The same will happen to the pixel shader, which needs to convert its four 32-bit floats into say RG8_UNORM i.e. discard the blue and alpha channel, convert the red and green from range [0; 1.0] to range [0; 255] and store it to memory.

In order to do that, the driver will patch the epilogue and perform the 32-bit -> 8-bit conversion on the red and green channels.

Depending on the GPU the suffix may contain more operations that have to do with MSAA or even alpha blending (the latter is particularly true in mobile)

D3D11 games ran heavy optimizations only on the body section, mostly done by the fxc compiler, and developers could store them in a single file (a cache) that can be distributed to all machines.

The driver will still need to convert the D3D11 bytecode to a GPU-specific ISA, but it relies on fxc’s heavy optimizations having done the job. Thus conversion from D3D11 to bytecode isn’t free, but it isn’t too costly and can often be hidden by driver-side threading.

Shaders could be paired arbitrarily

One more thing I forgot to mention is that vertex and pixel shaders could be combined arbitrarily at runtime. There are a few rules, called signatures, about having matching layouts otherwise the two shaders can’t be paired together.

But despite those rules, if a vertex shader outputs 16 floats for the pixel shader to use but the pixel shader only uses 4 of them; the vertex shader can’t be optimized for that assumption.

The vertex shader’s body will be optimized as if the pixel shader will consume all 16 floats. At most the suffix will only export only 4 floats to the pixel shader; but there’s still a lot of wasted code in the body that could be removed but won’t be.

Drivers may try to analyze the resulting pair and remove that waste, but they only have limited time to do so (otherwise some games could see permanent heavy stuttering).

Post DX12/Vulkan world

DX12/Vk introduced the concept of Pipeline State Objects aka PSOs which is one huge blob of all data embedded into a single API object.

Because PSOs contain all the data required, there is no longer a need to divide shaders into prefix, body and epilogue.
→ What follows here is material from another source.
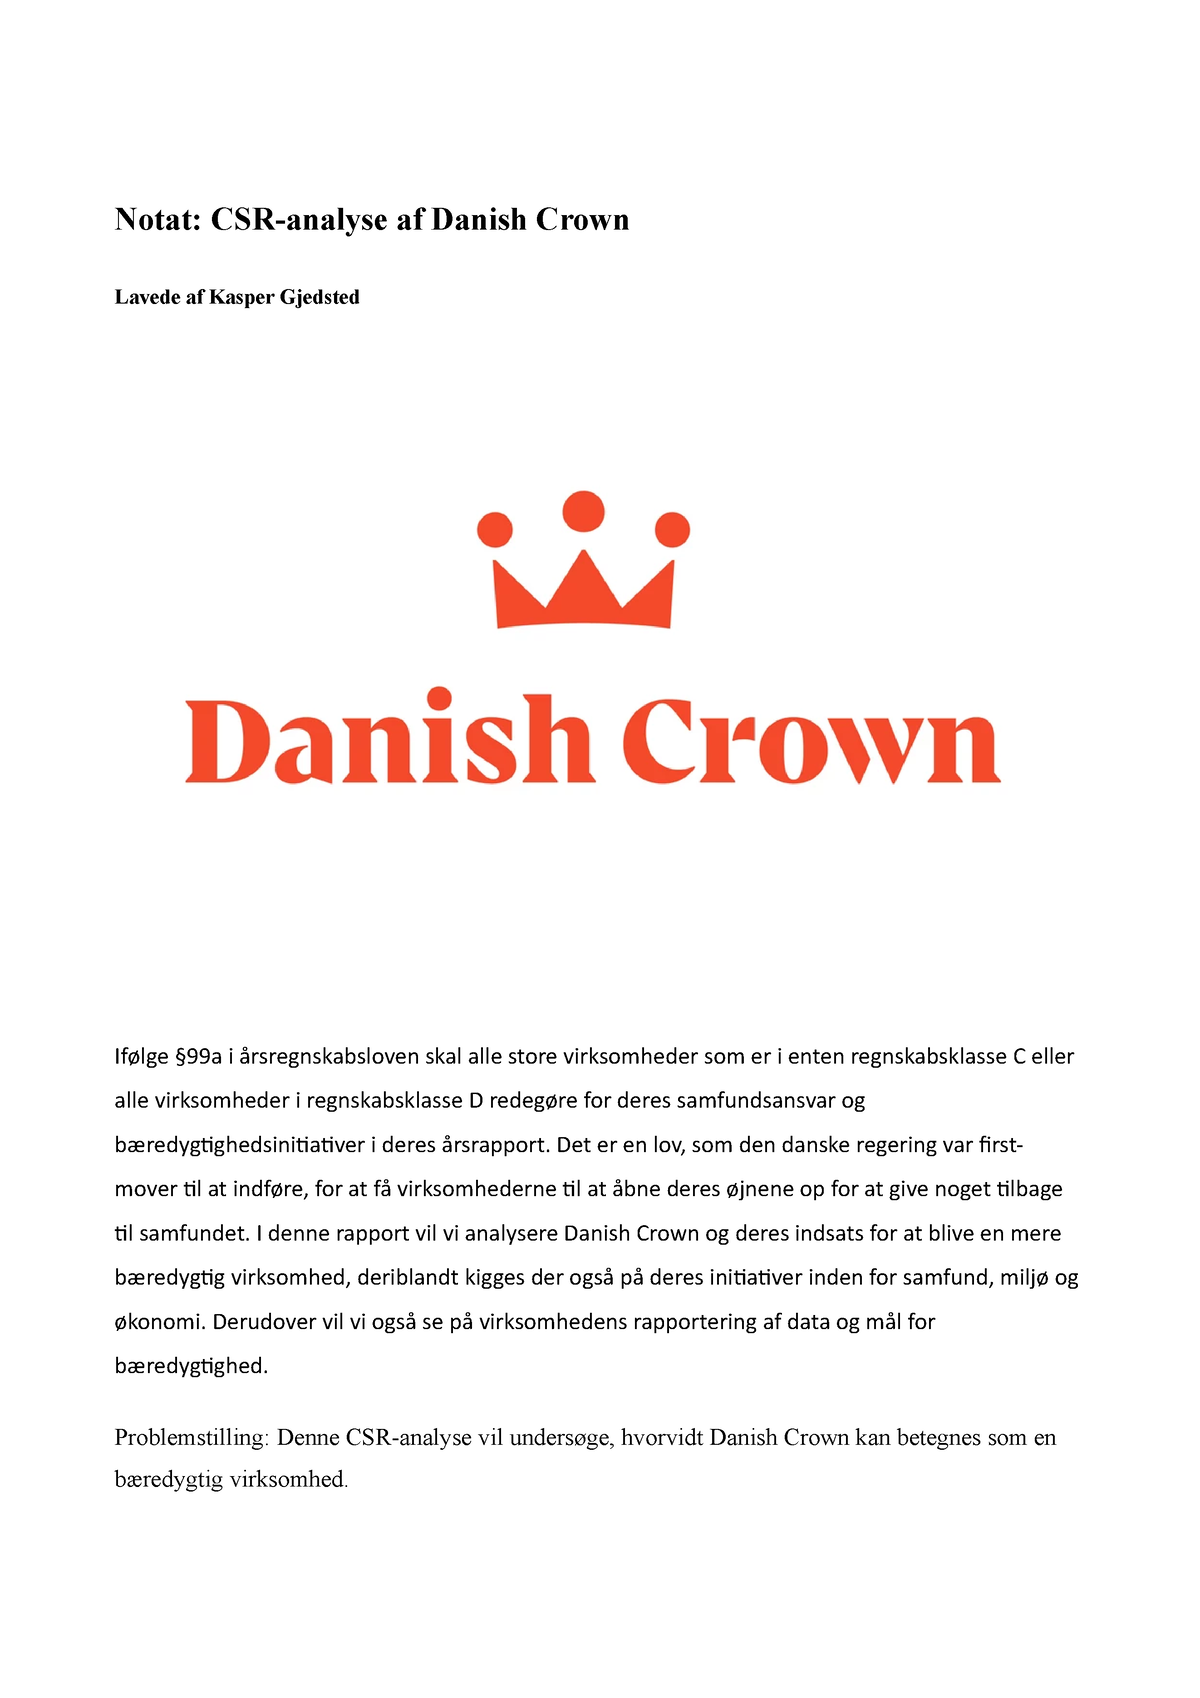 Crown csr-Notat - Notat: CSR-analyse af Danish Crown Lavede af Kasper Gjedsted i - Studocu

Drivers know in advance the vertex format, the vertex & pixel shaders that will be paired together, pixel format, MSAA count, whether alpha blending will be used, etc.

We have all the information that is required to produce the optimal shader:

  • Code paths producing unused output will be removed
  • The whole shader’s ‘body’ may prefer to use 16-bit float registers if the vertex format input is in 16-bit (rather than converting 16 -> 32 bits and then operating in 32 bit)
  • Loading & Store instructions may be reordered anywhere to reduce latency (which would typically be forced to the prefix or the suffix)
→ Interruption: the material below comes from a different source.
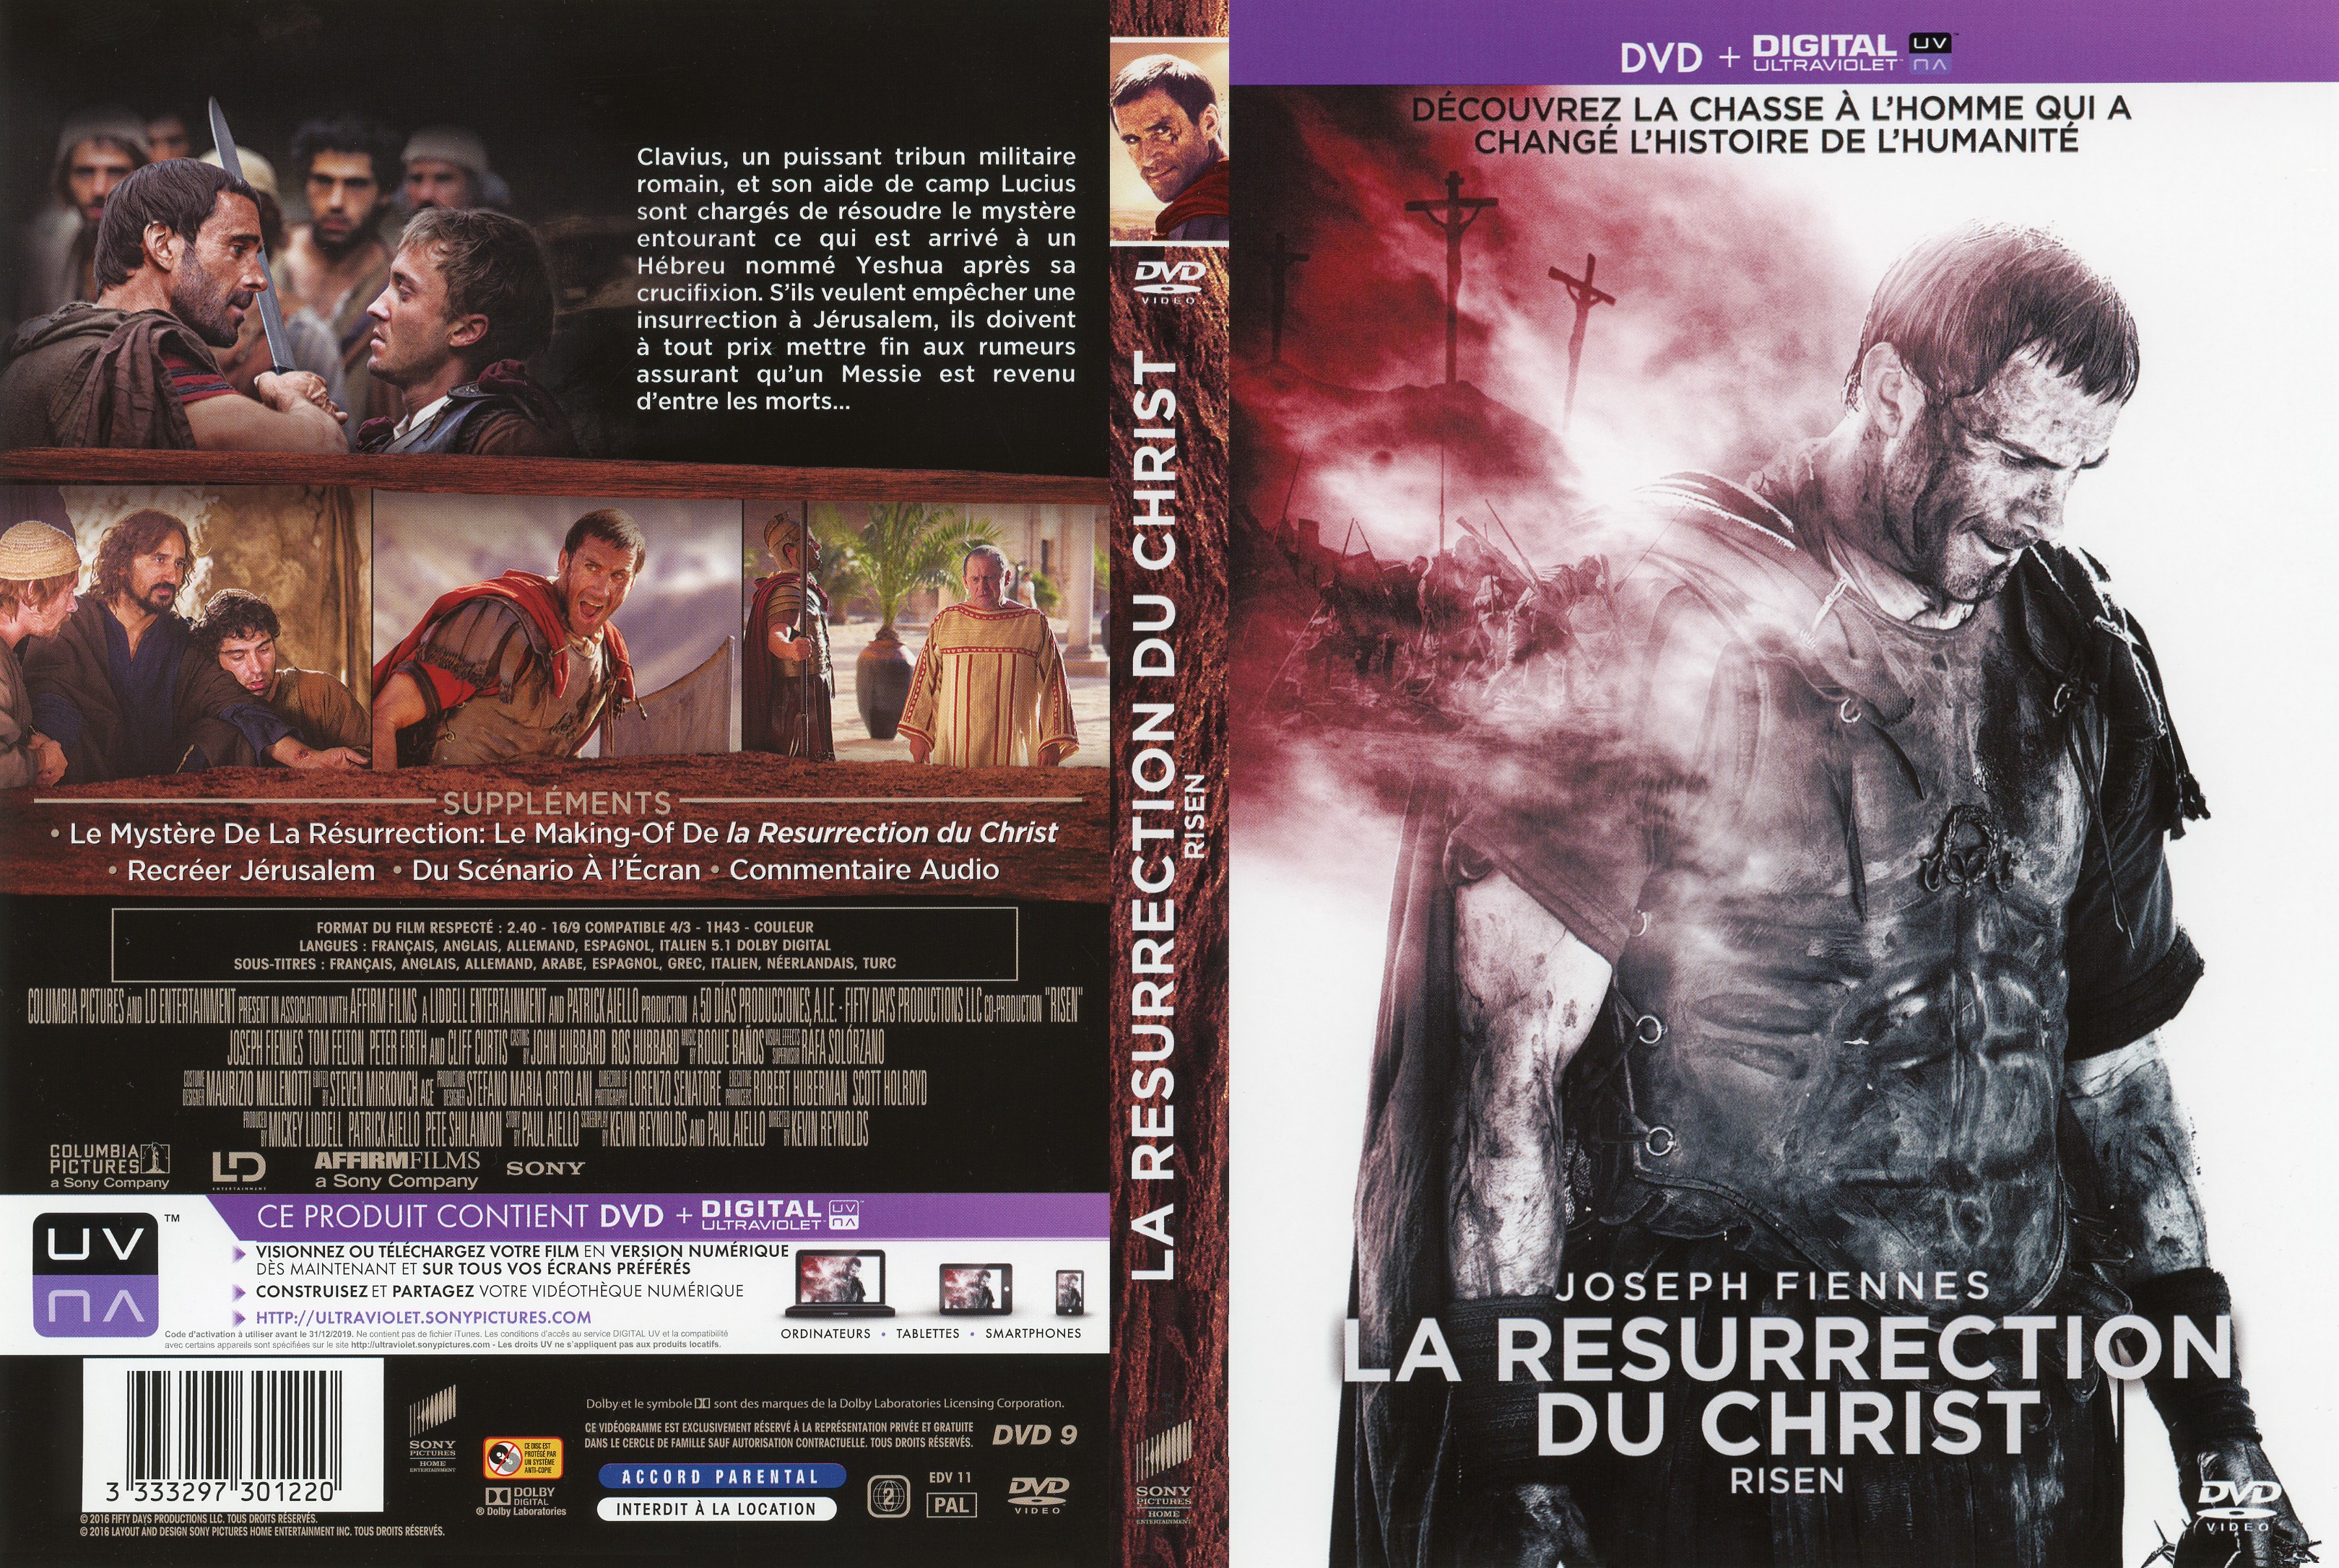 Jaquette Dvd De La Resurrection Du Christ Cin Ma Passion

Therefore most optimizations are delayed until actual PSO creation time. Unlike D3D11’s fxc which took forever to compile, the newer D3D12’s dxc compiler and glslang (if you’re not using Microsoft’s compiler) actually compile very fast.

These shader compilers barely perform optimizations (although SPIRV optimizers still exist, and they may make a difference in mobile).

Unfortunately, caching a PSO is tied to GPU and driver version. Therefore something as trivial as a driver upgrade could invalidate the cache meaning you have to wait again.

As David Clyde said this does actively discourage people from updating though and could become a problem.

There are mitigation strategies being researched, such as:

  • Compiling a slow version of the shader in short time, then recompiling in the background an optimized version
  • Users uploading their caches to a giant shared database classified by GPU device, vendor and driver version; which other users can download (note this may have security concerns, a shader is an executable after all)
  • Faster optimizing compilers

Please note that ported PS4 exclusives such as Horizon Zero Dawn and Detroit Become Human were designed around having the PSO cache distributed with the binary (because there’s only two GPUs to target: PS4 and PS4 Pro) thus they were not designed to recompile twice (slow then fast version). Thus these games spend 20 minutes at the beginning building their PSO cache.

Thus there you have it: that’s the reason modern games are taking so long to build shaders at the beginning, and why it may become more frequent in the future.